For lung cancer survivor Richard Heimler, molecular diagnostic testing has meant five additional years with his family, including his daughter and son. After his initial diagnosis in 2004, Heimler had surgery to remove cancer tumors in his lungs and brain. When multiple tumors returned in 2008, Heimler participated in a clinical trial to determine if he was a candidate for targeted therapies.

“After testing positive for the abnormal ALK gene, I began taking a targeted drug in the form of a pill,” said Heimler. “It was wonderful to not experience the debilitating side effects that I had with chemotherapy. This new world of science has given me hope that I will have more time to create memories with my children and watch them grow up.”

In an era of precision medicine, the guideline provides recommendations for pathologists, oncologists, and other cancer health professionals on the current state-of-the-art recommendations for the molecular testing of lung cancer.

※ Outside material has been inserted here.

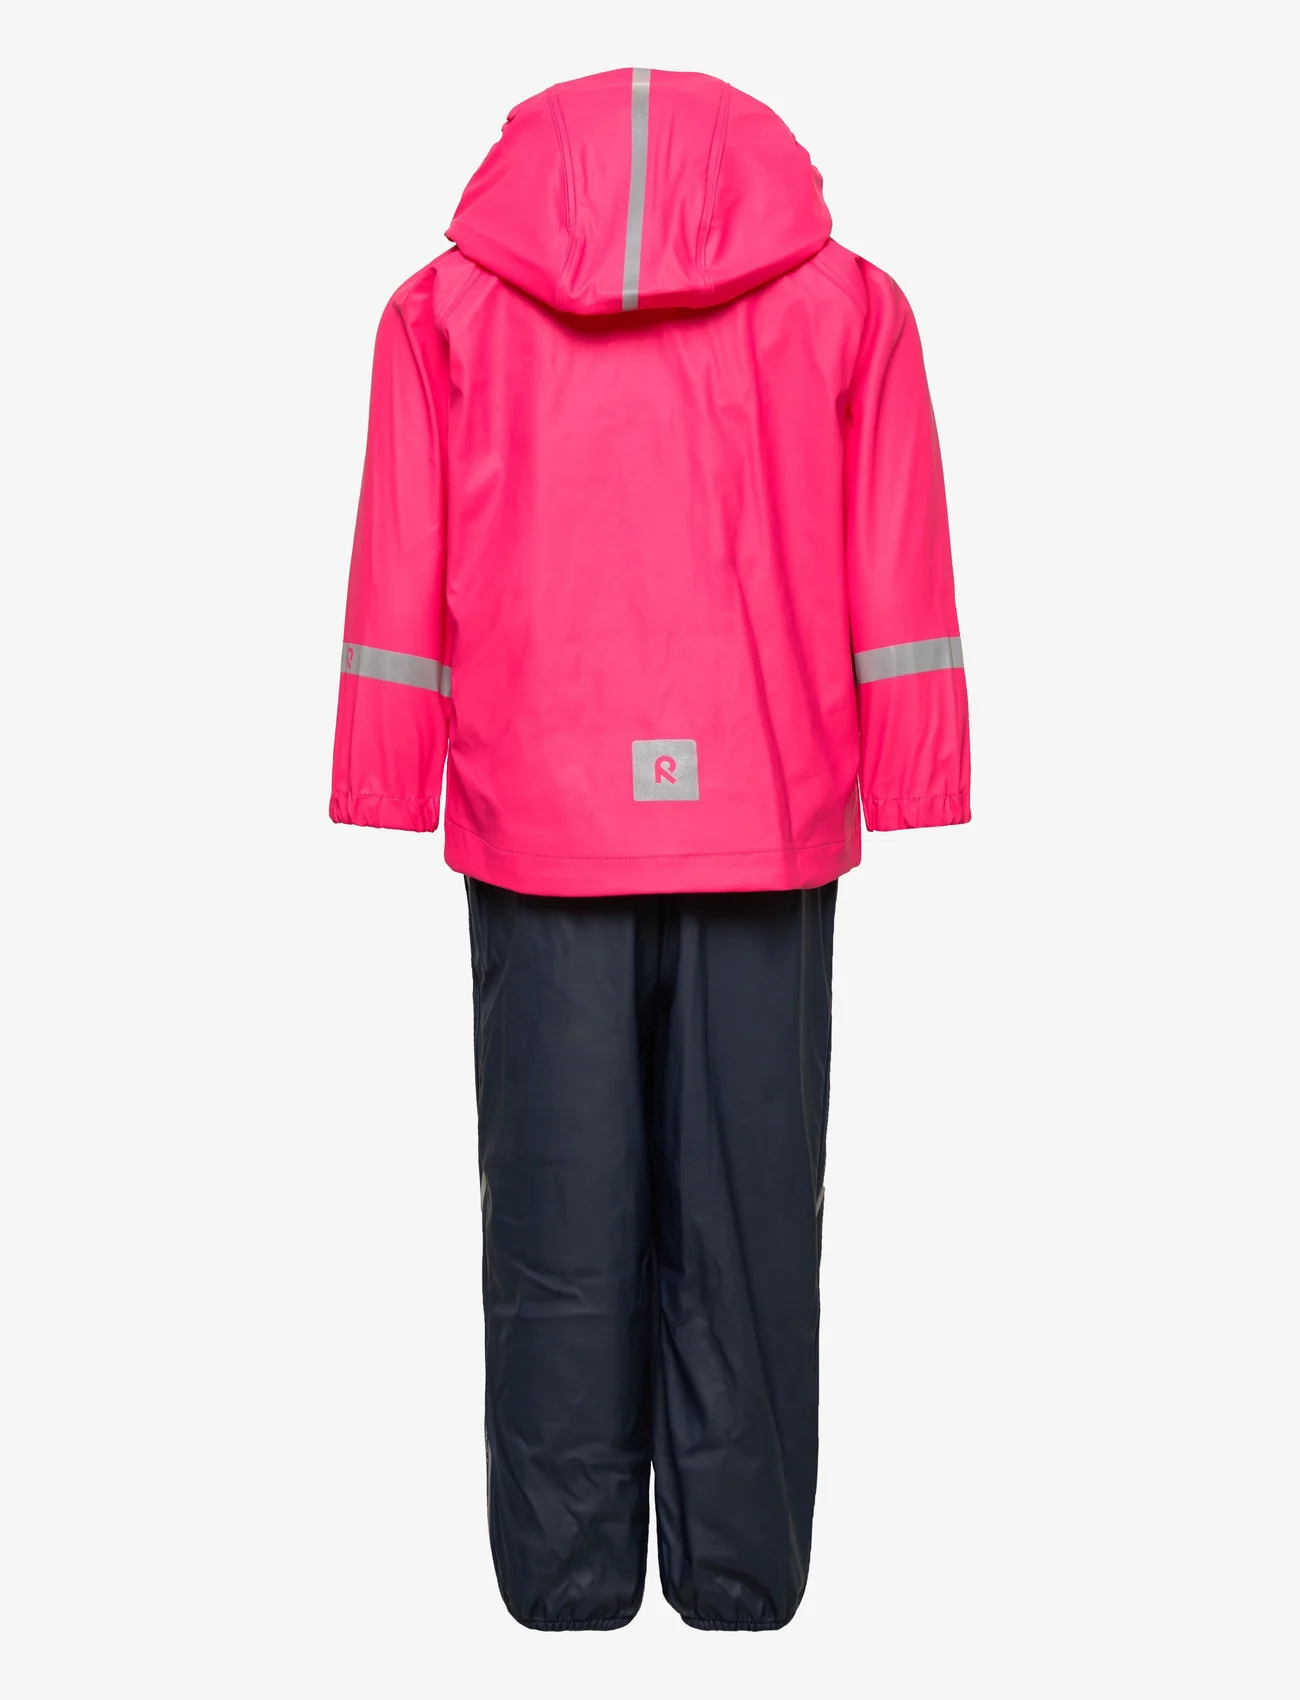 Reima - Rain outfit, Tihku - regensets - candy pink - 1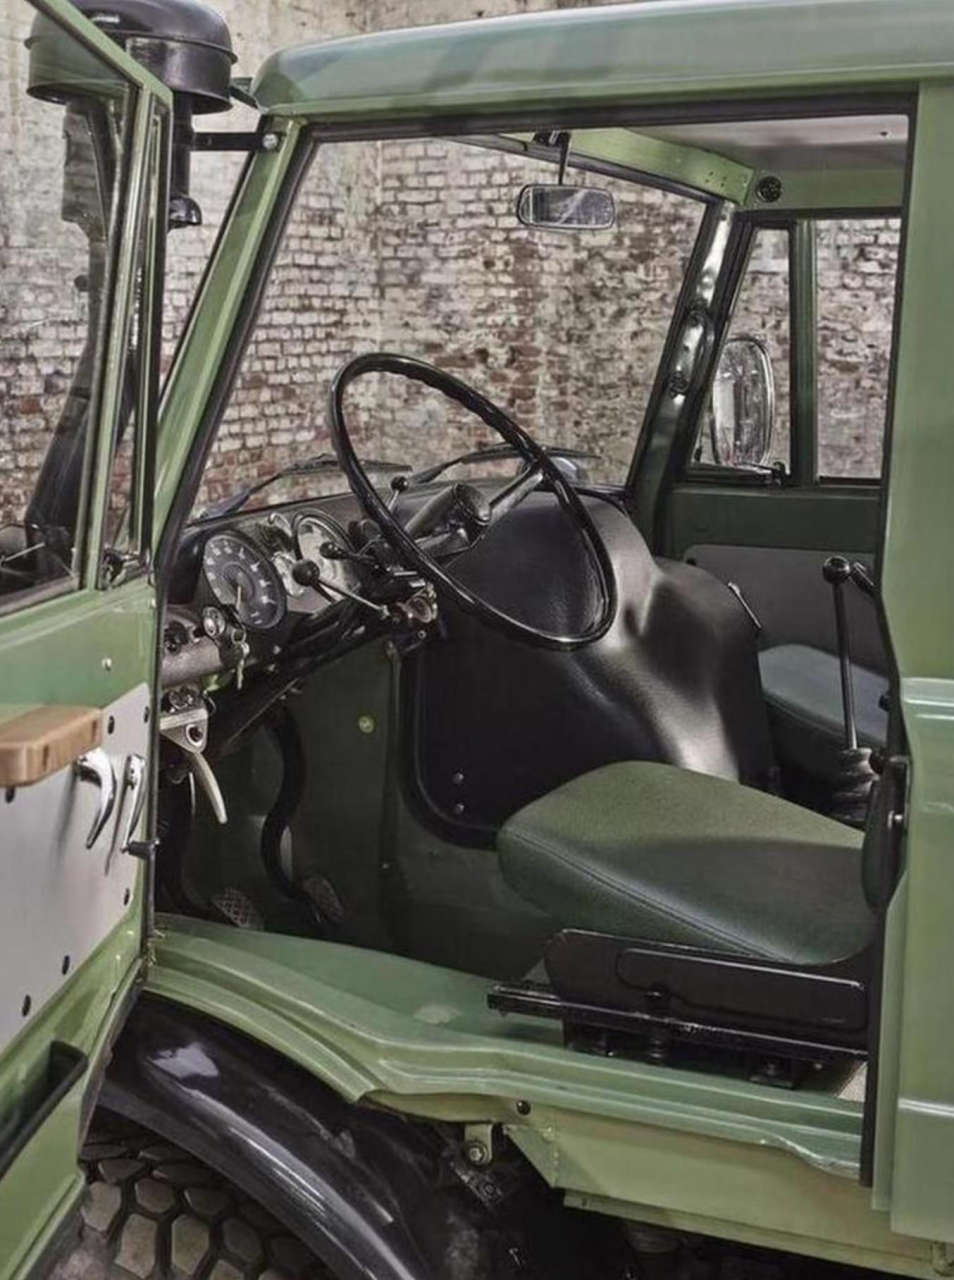 Discover the Mercedes-Benz Unimog 406 Doppelkabine Ute 1976: The Legend of an Age fb - DX

“The three organizations came together to address the variance in practice around the world about how this testing should performed,” said Neal I. Lindeman, MD, director of Molecular Diagnostics at Brigham and Women’s Hospital and associate professor of Pathology at Harvard Medical School in Boston, and AMP member. “Pathologists who specialize in molecular diagnostics and lung cancer collaborated to create the guideline to minimize variation and provide greater precision in the care of patients.”

The CAP Pathology & Laboratory Quality Center, (the Center,) a forum for developing evidence-based guidelines and consensus recommendations, provided the process for creating the guideline. Expert panels made up of renowned worldwide leaders in the field collaborated to develop the recommendations.

“The guideline is an important step in making sure that patients benefit from the new molecular understanding of lung cancer,” said Dr. Ladanyi. “As new studies lead to further evidence-based recommendations, we hope to develop additional guidelines for other biomarkers related to this disease.”

In conjunction with the publishing of the guideline, CAP, IASLC, and AMP have developed clinical tools and resources for pathologists and oncologists that summarize the findings and recommendations. In addition, the organizations have developed a patient guide for further understanding, including questions for patients to ask their physicians. A series of videos featuring three of the guideline authors and a lung cancer survivor can be found on the CAP, IASLC, and AMP YouTube Channels.